Fig. 3. — Relative enhancement of CycLuc1 for in vivo bioluminescence imaging of gene expression in the SFO. A: fold enhancement of CycLuc1 (CycLuc1/d-luciferin) bioluminescent emission from the SFO at 6, 10, 60, and 120 min after substrate injection. Values are normalized to the d-luciferin condition, which is represented at a value of 1 by the dashed line. B: the time at which the peak radiance occurred after substrate injection. C: fold enhancement of CycLuc1 at the peak radiance. n = 8. *P < 0.05 vs. d-luciferin; #P < 0.05 vs. CycLuc1 5 mg/kg; ##P < 0.05 vs. CycLuc1 7.5 mg/kg.
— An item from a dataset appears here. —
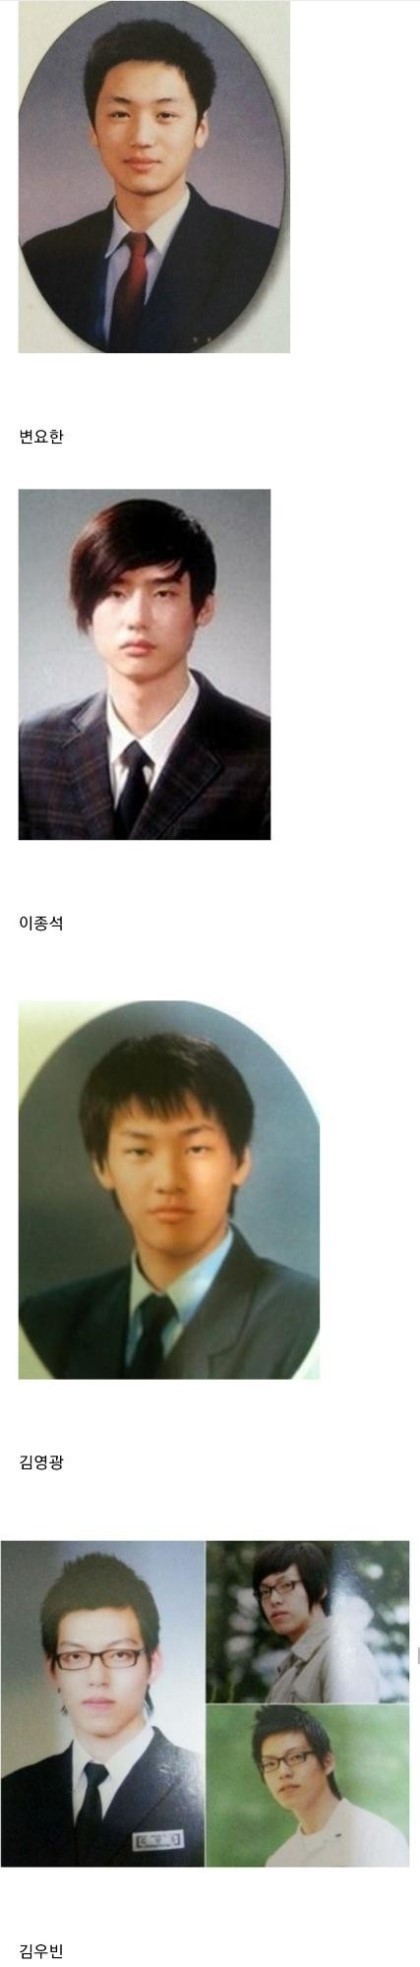 nokbeon.net-한국 남자배우들 졸업사진.jpg-2번 이미지

CycLuc1 enhances in vivo bioluminescence imaging of gene expression in the PVN.

The findings in Figs. 2 and 3 indicate that CycLuc1 enhances bioluminescent evaluation of gene expression in the SFO. Importantly, the SFO is situated outside of the blood-brain barrier, presumably allowing for easy access of luciferase substrates. Therefore, we also performed similar experiments focused on the PVN, which is protected by the blood-brain barrier and situated deep below the surface of the skull, thus necessitating strong light emission for in vivo imaging. Previous findings have determined that small lipophilic compounds such as d-luciferin and CycLuc1 can penetrate the blood-brain barrier by simple diffusion (24) or are taken up by transporters expressed in epithelial, neuronal, and glial cells in the brain (18, 27, 34).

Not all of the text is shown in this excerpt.